◆ PROVIDED DATA

--*--

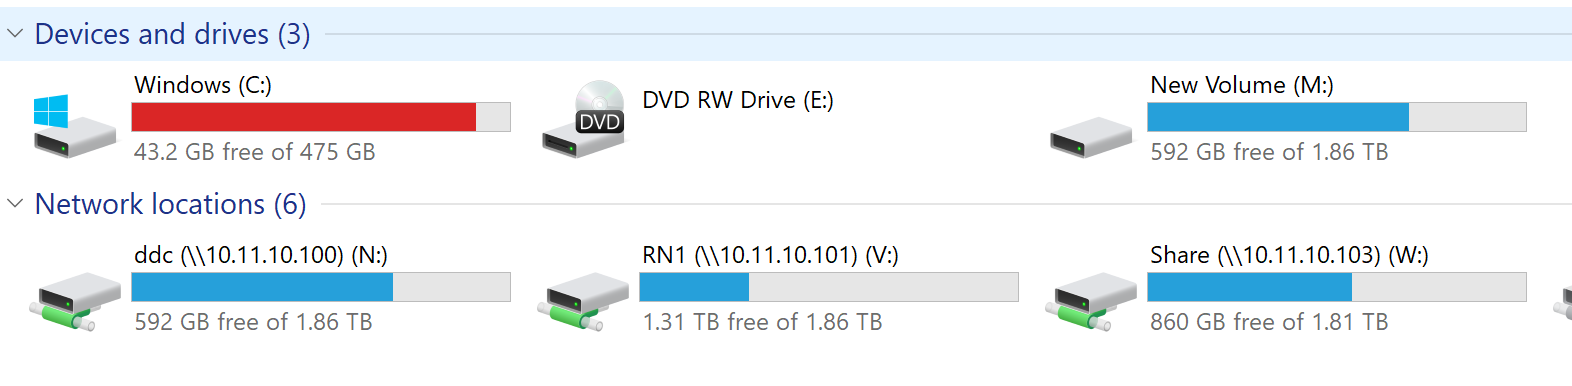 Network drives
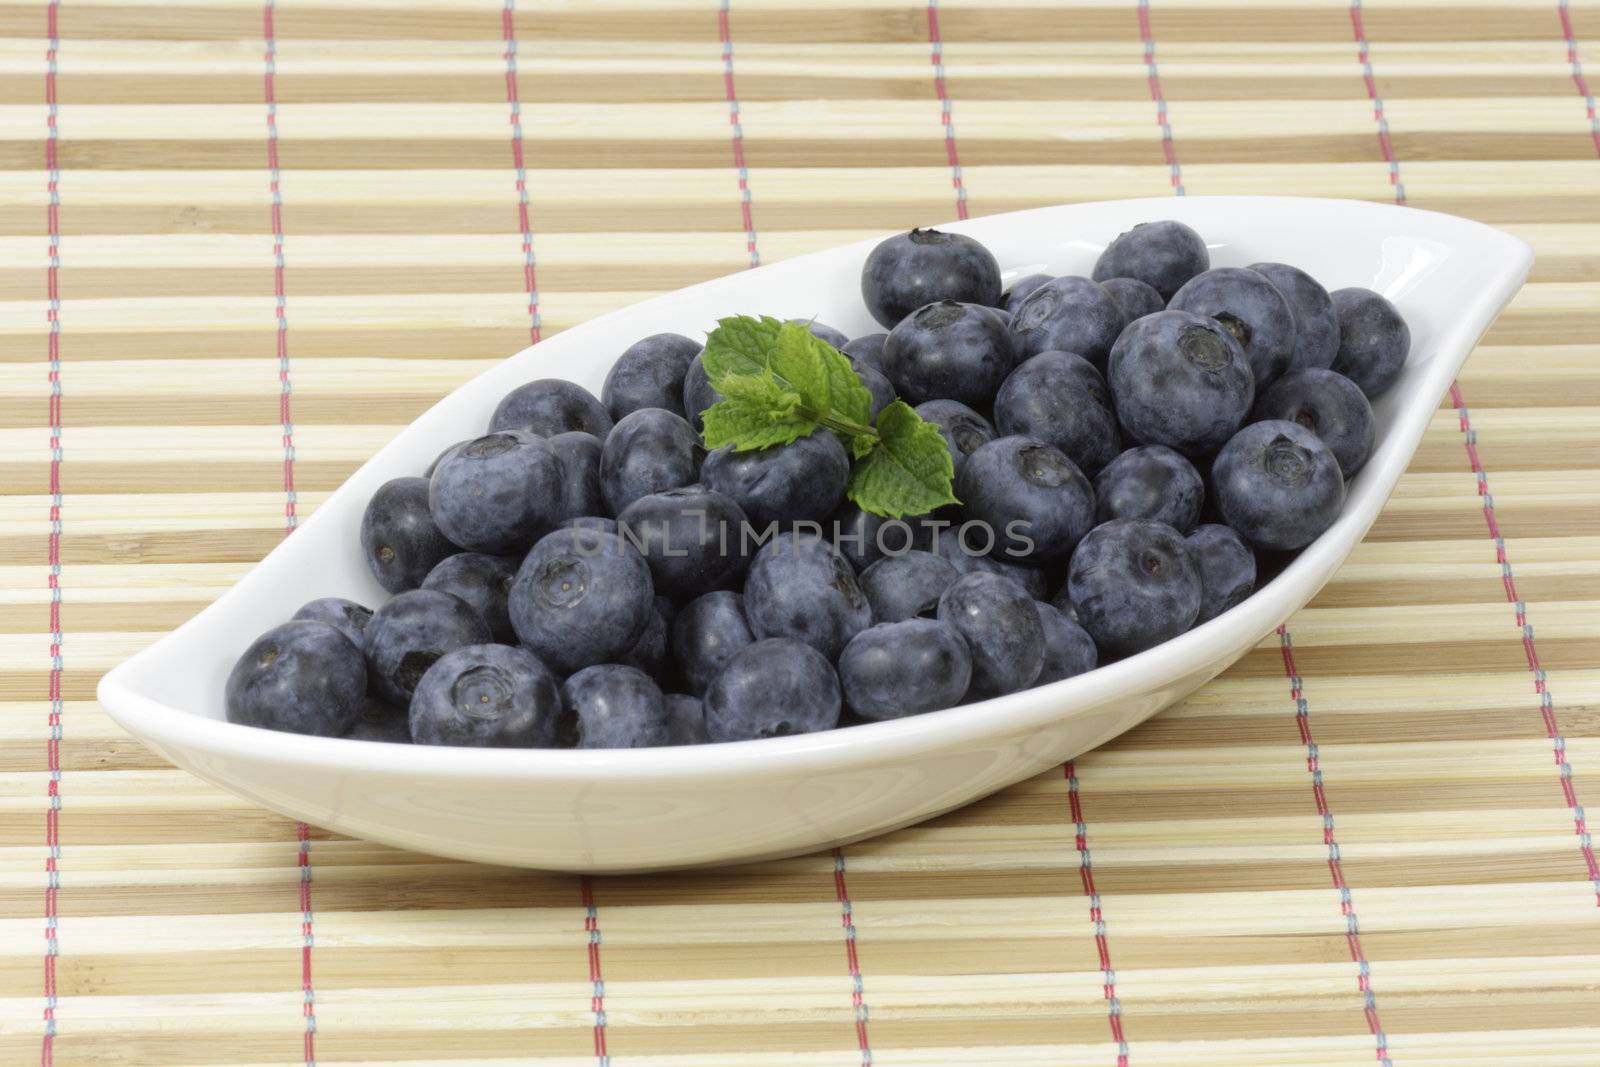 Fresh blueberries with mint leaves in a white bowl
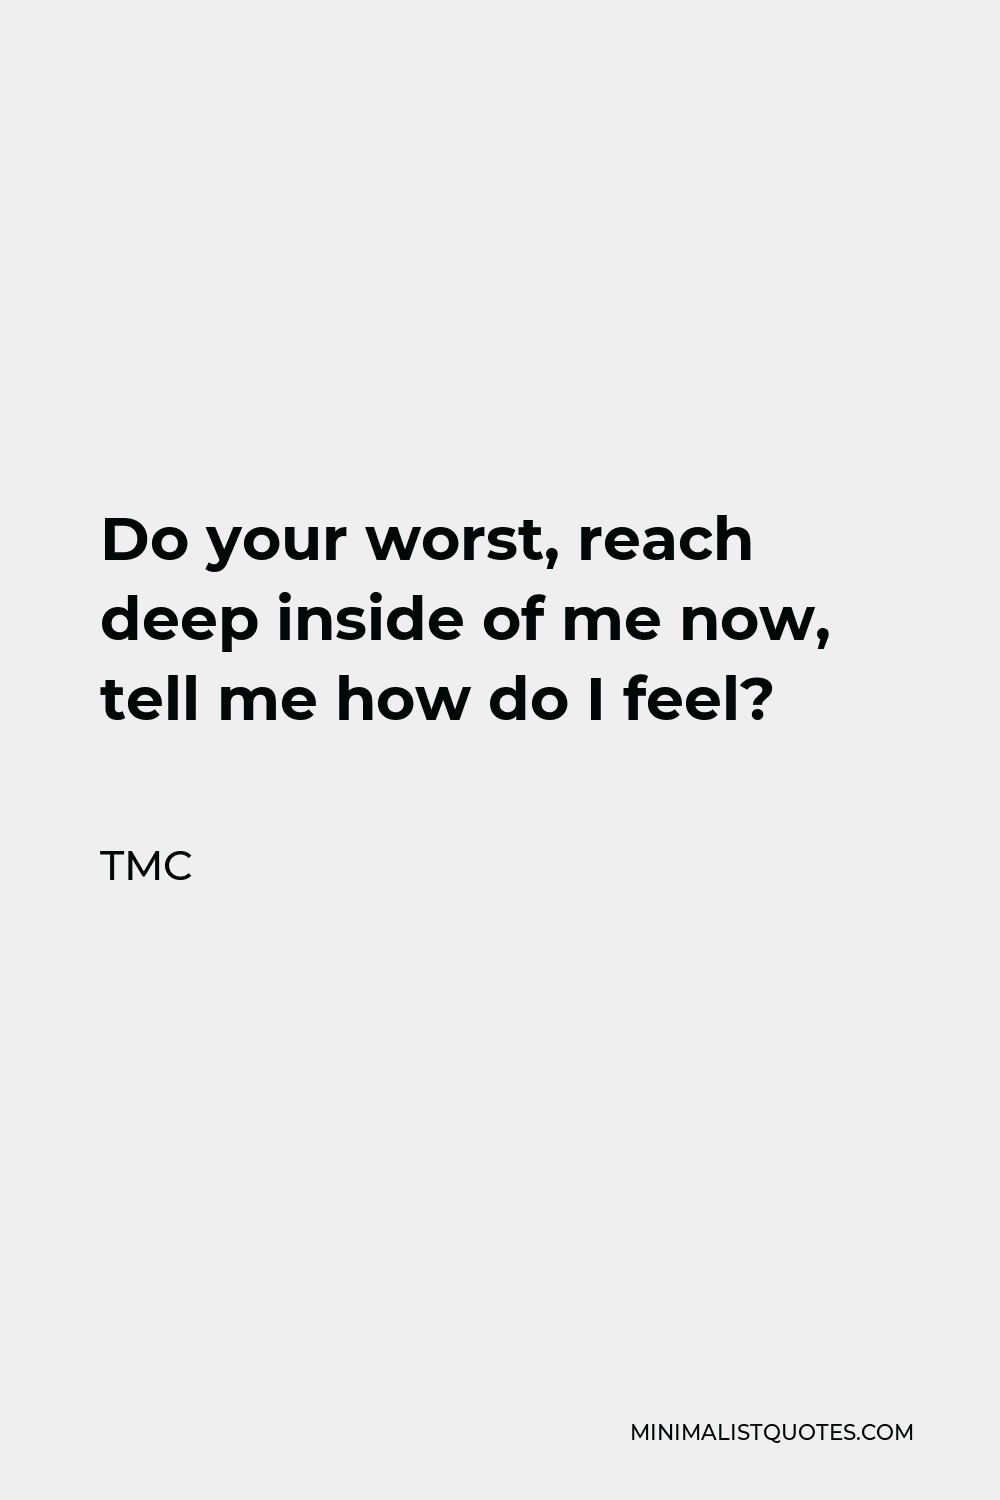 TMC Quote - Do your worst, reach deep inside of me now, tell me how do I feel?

--*--

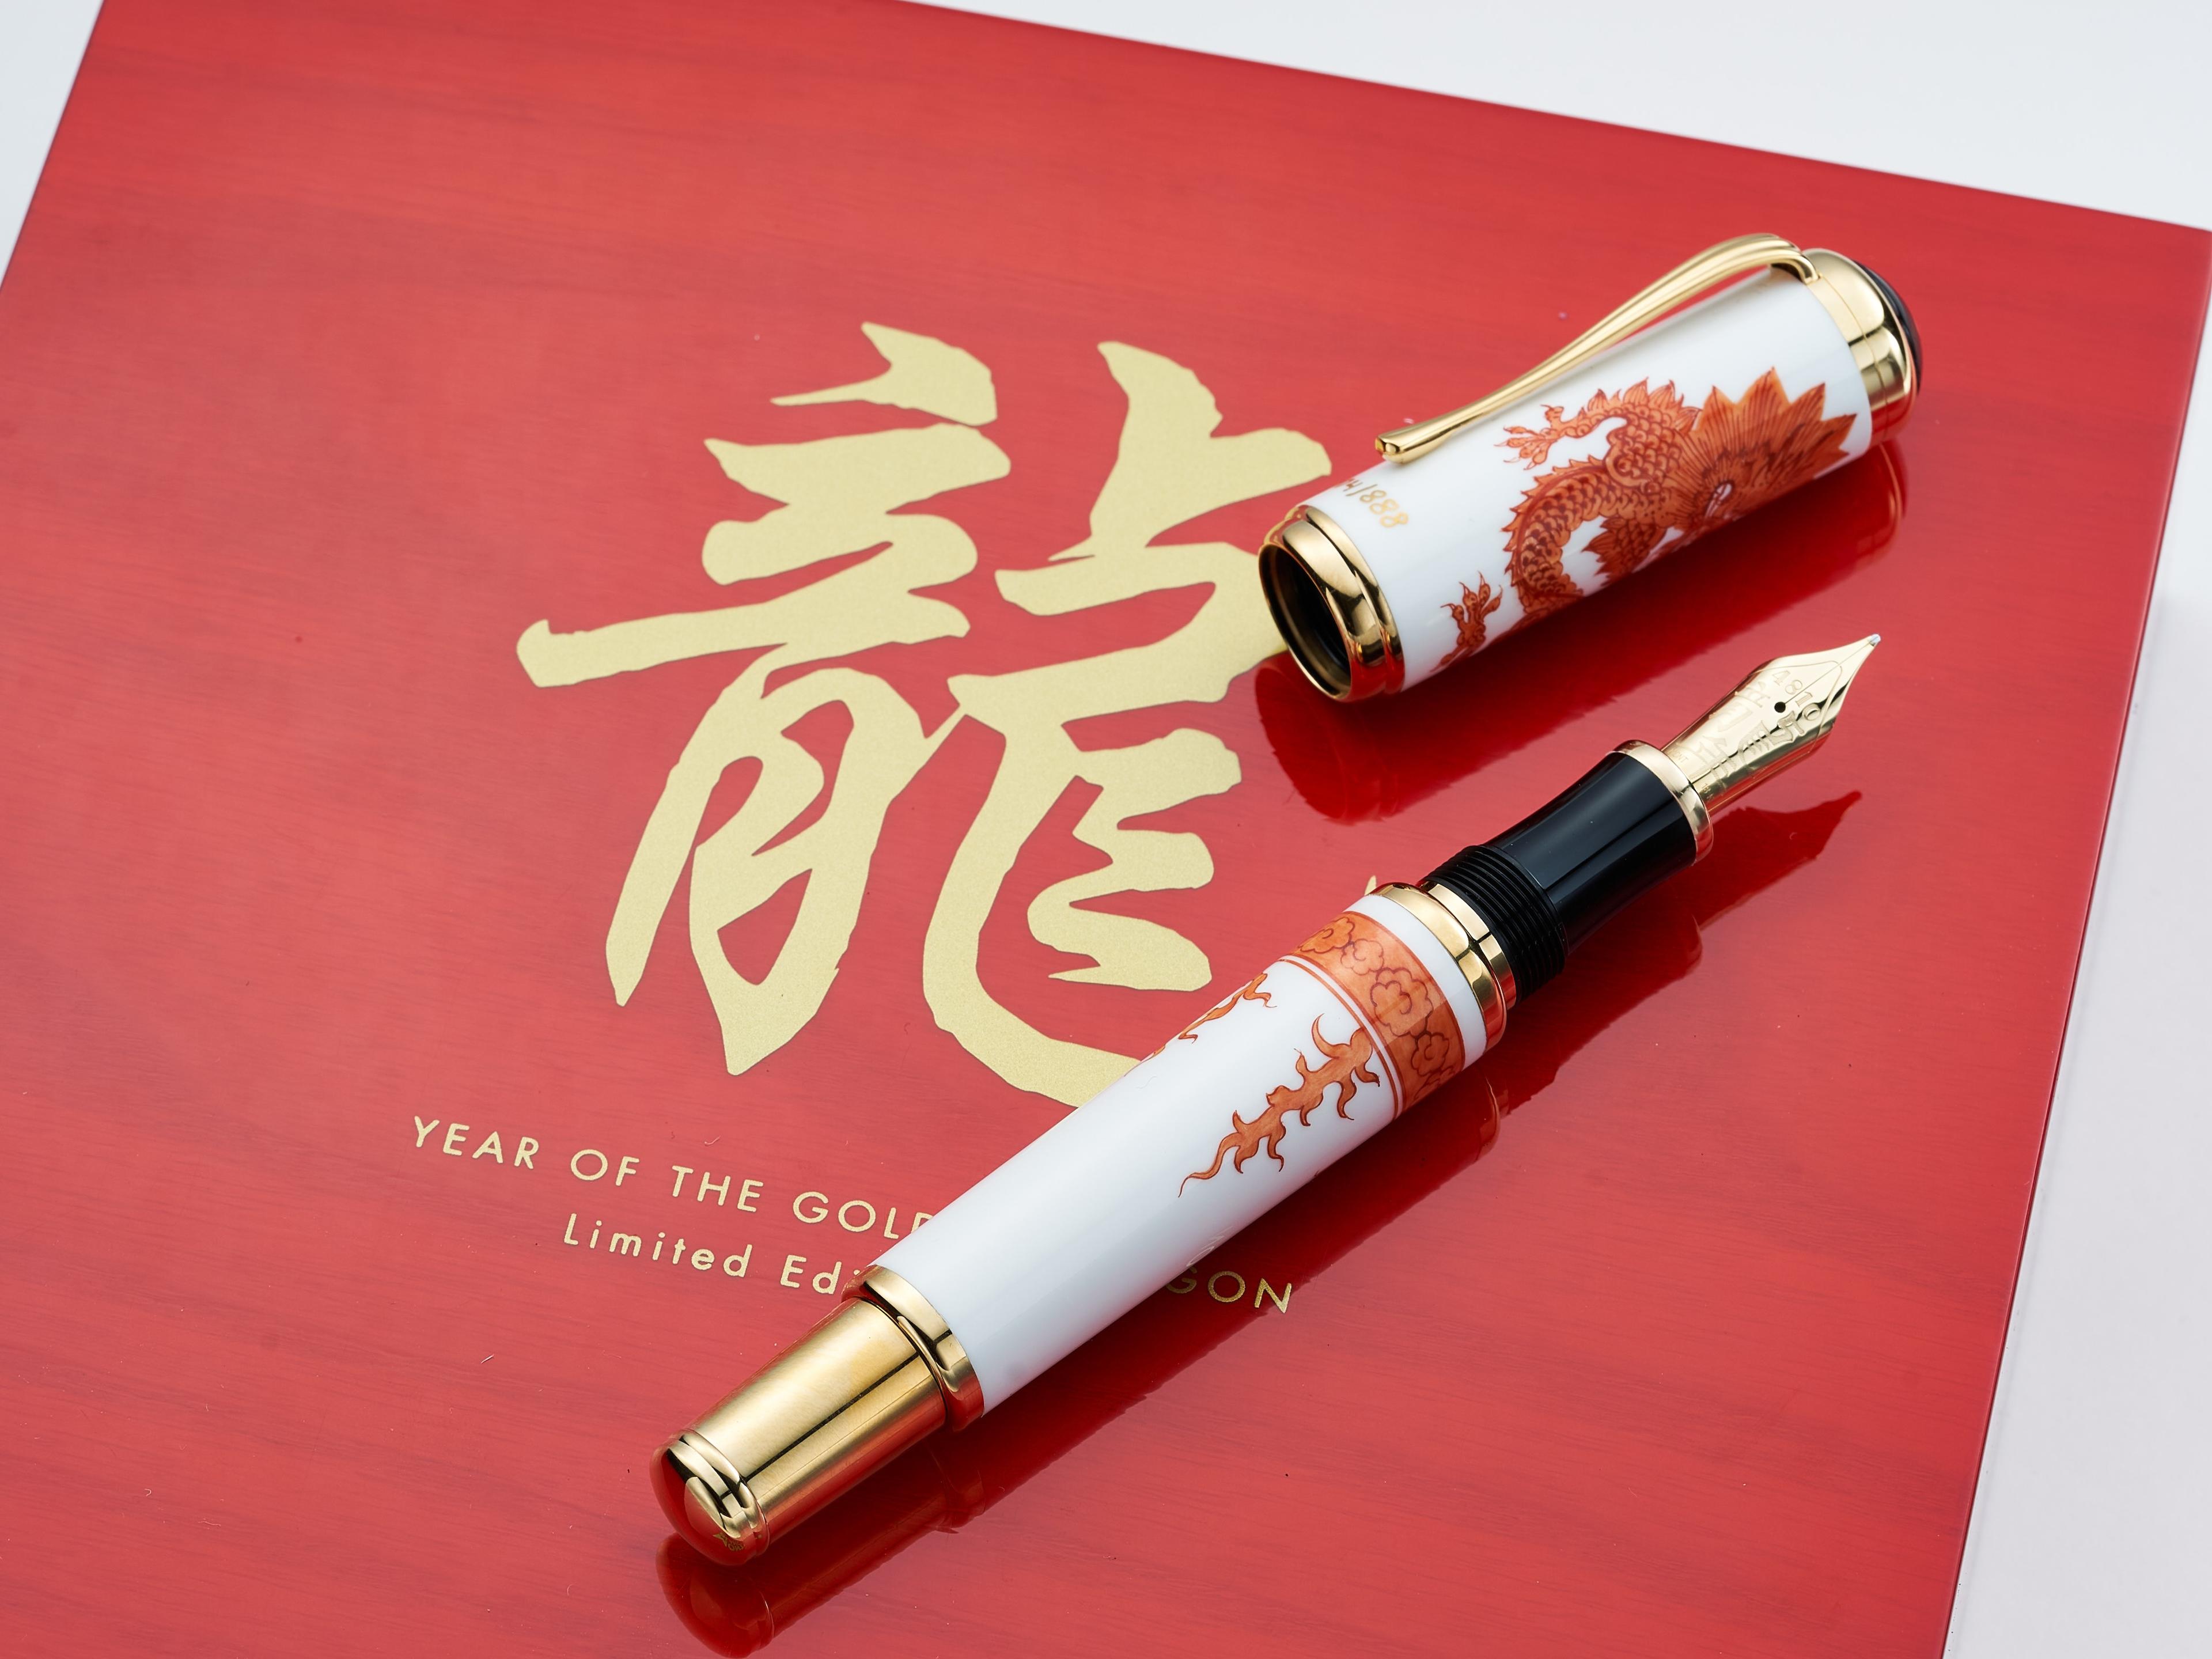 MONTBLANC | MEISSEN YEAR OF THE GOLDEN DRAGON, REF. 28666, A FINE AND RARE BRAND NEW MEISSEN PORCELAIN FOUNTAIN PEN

--*--

◆ WHAT YOU WILL DO
Repeat exactly, and only, the entries from the line with "Network drives" through the line with "TMC Quote - Do". Pictures are skipped.

◆ SOLUTION TO THIS PROBLEM
 Network drives
 Fresh blueberries with mint leaves in a white bowl
 TMC Quote - Do your worst, reach deep inside of me now, tell me how do I feel?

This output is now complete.